General formula for Evaluating $\sum_{n=0}^\infty n^ar^n$ where $ |r|<1 , a\ge0$

Question

I'm trying to derive a general formula for $$\sum_{n=0}^\infty n^ar^n$$

where $a\ge0$ and $|r|<1$

I know the first couple a:

$$I(0)=\sum_{n=0}^\infty r^n=\frac{1}{(1-r)}$$

$$I(1)=\sum_{n=0}^\infty nr^n=\frac{r}{(1-r)^2}$$

$$I(2)=\sum_{n=0}^\infty n^2r^n=\frac{-r(r+1)}{(r-1)^3}$$

$$I(a)=\sum_{n=0}^\infty n^ar^n=???$$ assuming my math was correct.
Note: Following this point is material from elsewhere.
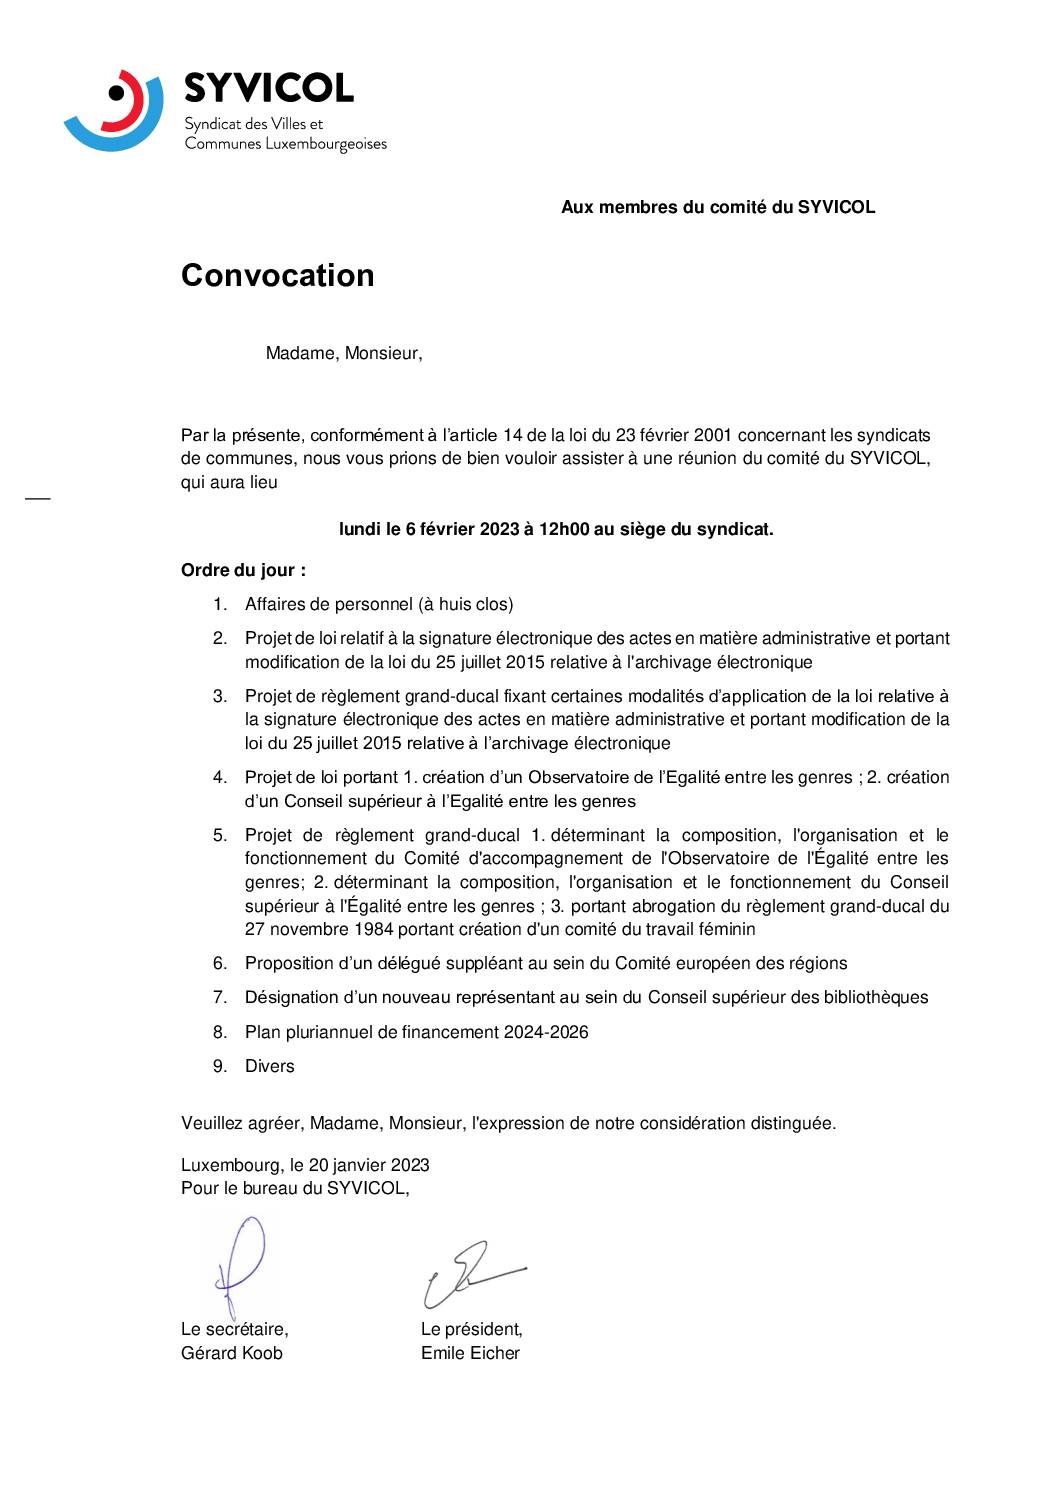 Convocation comité Syvicol 06.02.2023

I got these by differentiating the general summation formula for geometric series. After doing it a couple more times, I can't seem to discern a pattern.

Answer 1

$$\sum_{n=0}^\infty n^a r^n=\frac{\sum_{m=0}^{a-1}A(a,m)x^{m+1}}{(1-r)^{a+1}}$$ for $a\ge1$, where the $A(a,m)$ are Eulerian numbers.

Answer 2

Mathematica yields $$\sum_{n=0}^{\infty}n^a \, r^n=\Phi(r,-a,0),$$ where $\Phi(z,s,a)$ is the Hurwitz-Lerch transcendant.